The debate about tanks versus drones –cheap and very effective–, which also occupies analysts, is long. And that of trench warfare, comparing Ukraine with the First World War, promises to be even more so. Basically, the Ukrainians' problem remains the same as always: they need more range missiles, such as the Franco-British Storm Shadow, the promised North American Atacms and the Taurus that Germany continues to deny them, to degrade Russian defenses in depth, as well as like their supply lines. And, of course, it also needs more air defense systems.

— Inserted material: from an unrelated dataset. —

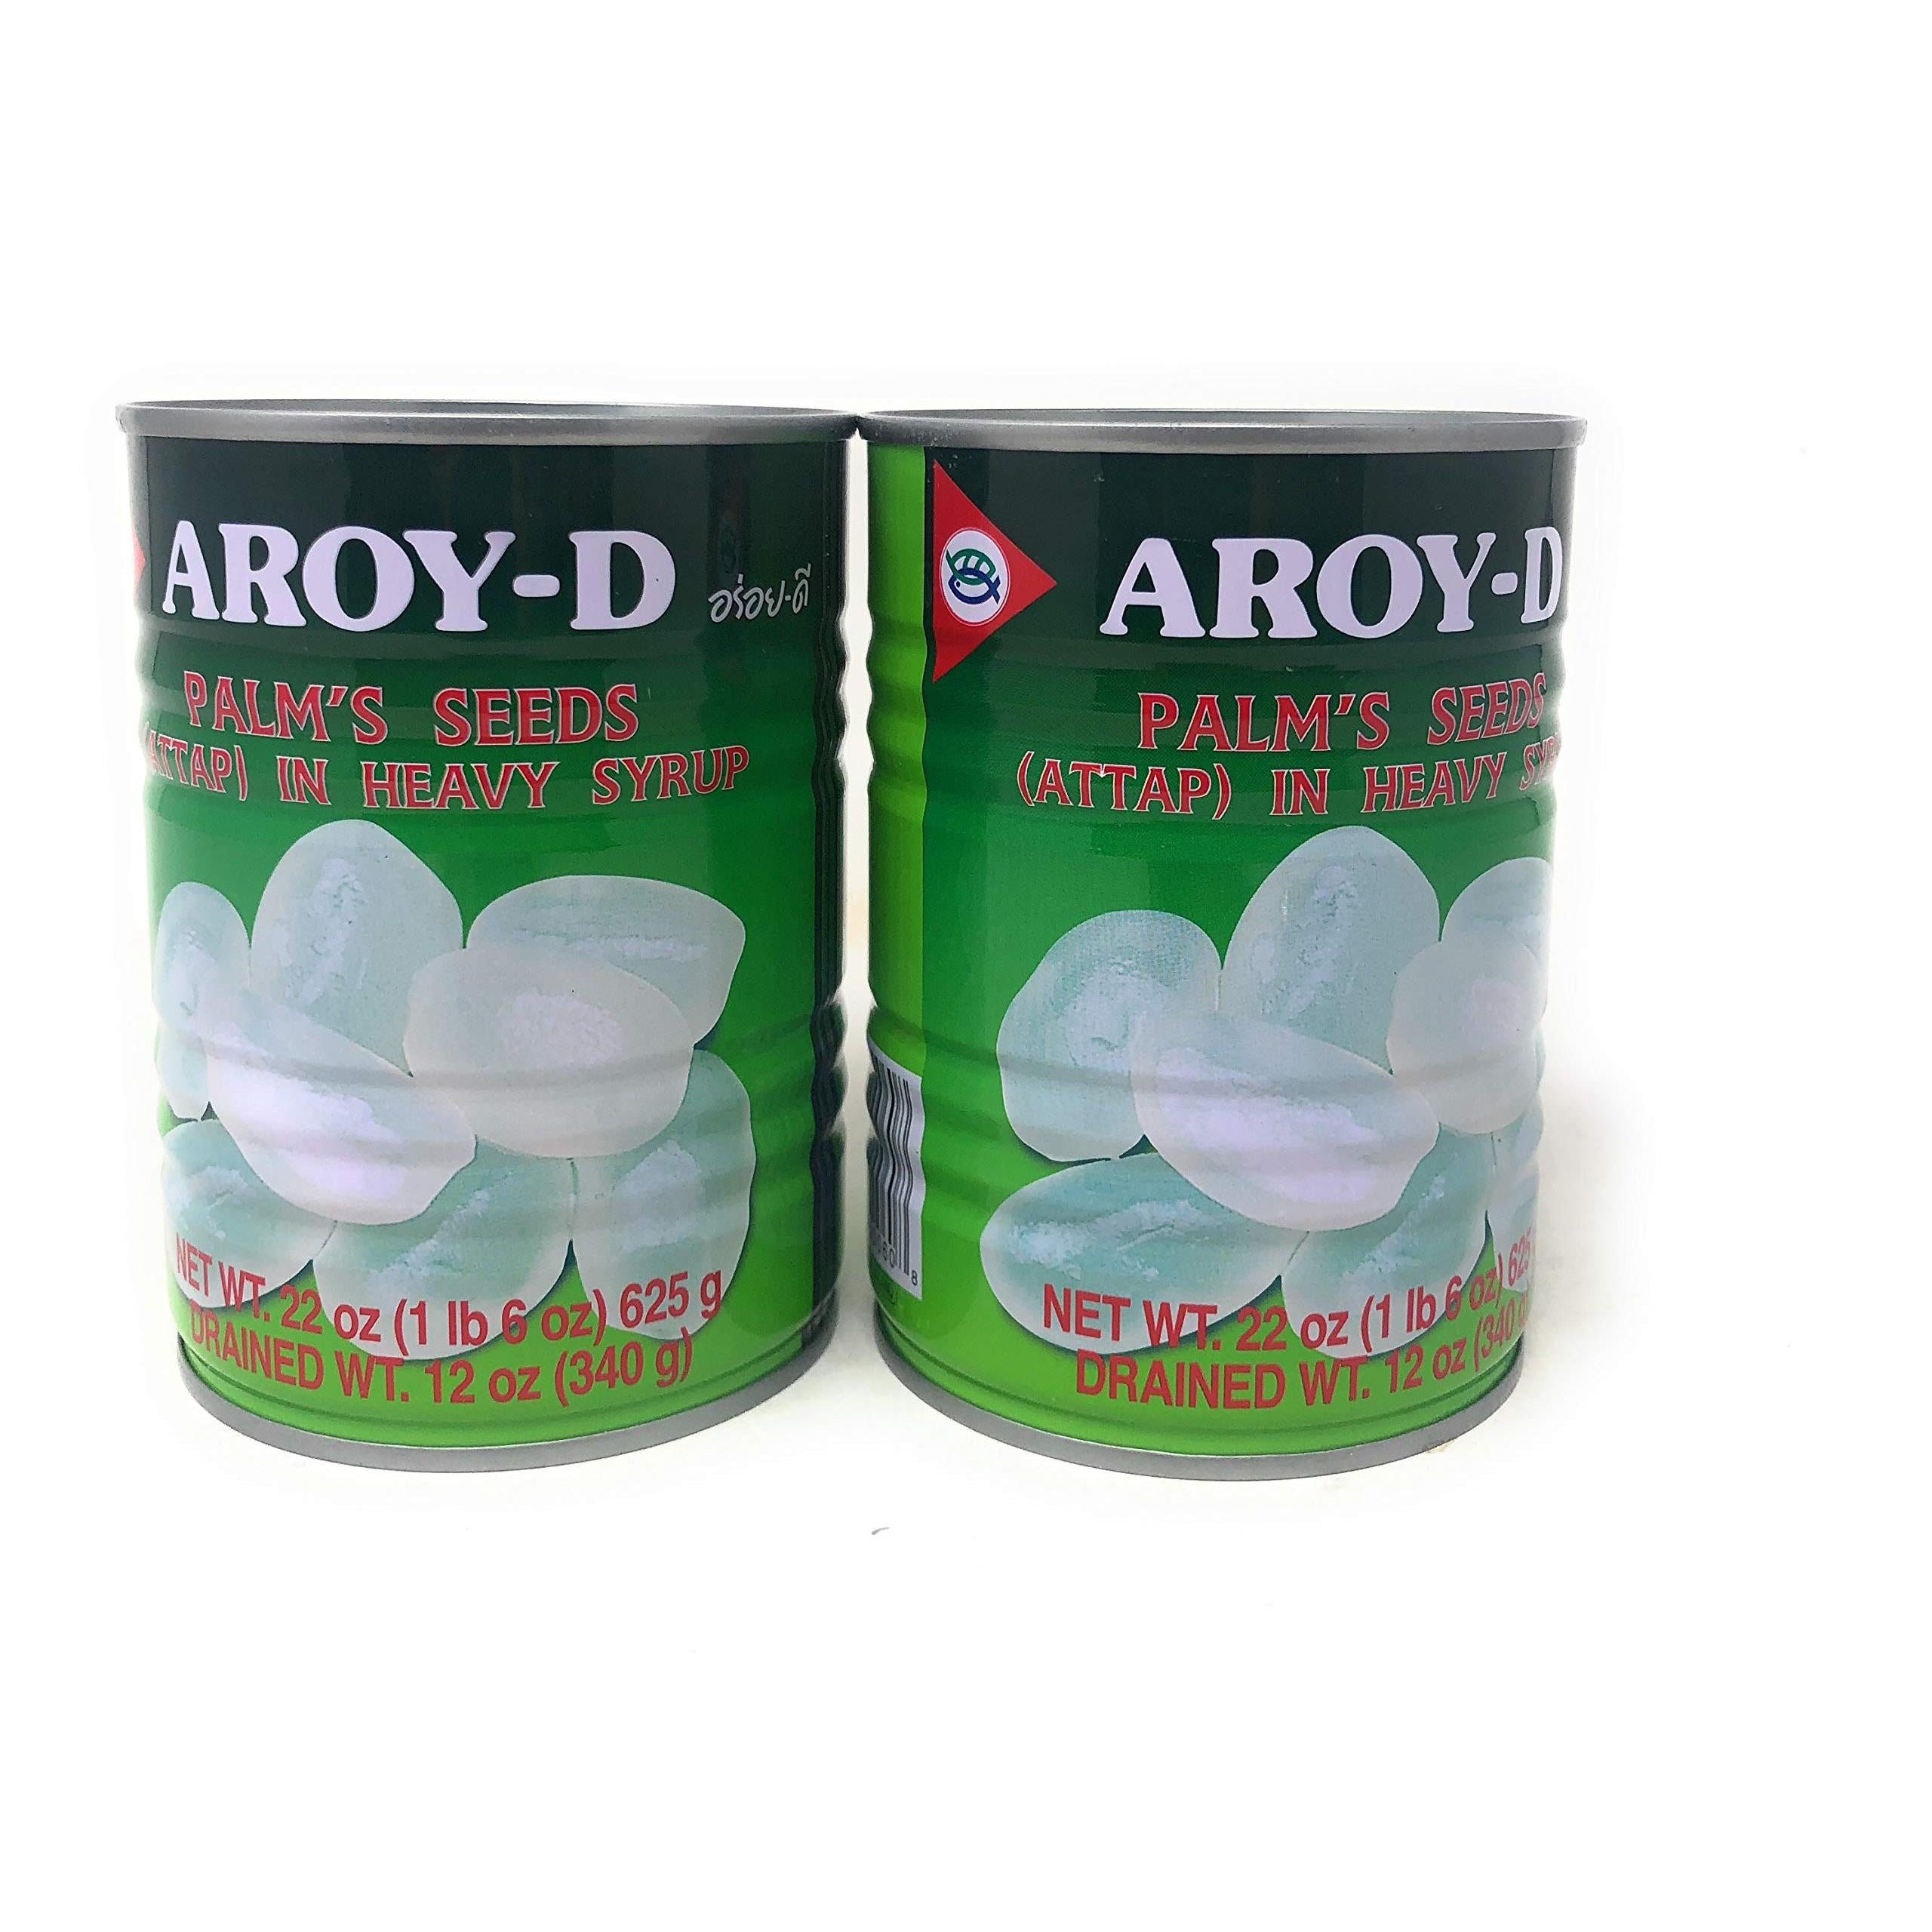 Aroy-d Palms Seeds (attap) in Heavy Syrup 22oz (Pack of 2)

According to the forecasts observed by the ISW, there are still almost two months of good weather left and, in any case, as happened last year, the front will not hibernate. It is the period for which US military supplies are guaranteed under the previous budget, until the problems began on Capitol Hill over aid to Ukraine.

Nothing indicates that great events should be expected at this time regarding the front, but it must be taken into account that the framework of the war is not limited to territorial conquest but is much larger. And in this sense, Ukrainians have been able to bring about change.

The news, this week, of the displacement of part of the Russian Black Sea fleet from Crimea to the Russian port of Novorosisk and, in the near future, to a port in Abkhazia, is a major blow on the part of the Ukrainians, who do not even They already have an army.

On September 13 they damaged several ships at the Sevastopol base and on the 23rd they bombed the fleet headquarters in the same city, causing massacre. In Crimea, but also in the Russian region of Belgorod, they have attacked S-400 anti-aircraft systems, in a campaign aimed at making way for their own missiles. Ukraine's objectives are, again, to undermine supply routes to continental Ukraine and, at the same time, consolidate the corridor for merchant ships for grain exports.

But what happened in Crimea is especially significant. European-made Storm Shadow cruise missiles were used in the attacks on Sevastopol. Ukraine is supposed to maintain a commitment to Western allies not to use its weapons against Russian soil. Crimea is part of occupied Ukraine, but for Vladimir Putin it is Russia of a lifetime. However, the Russian president did not say anything. Or, as Professor Maria Popova has observed, “Crimea is not that special, it is not a red line.”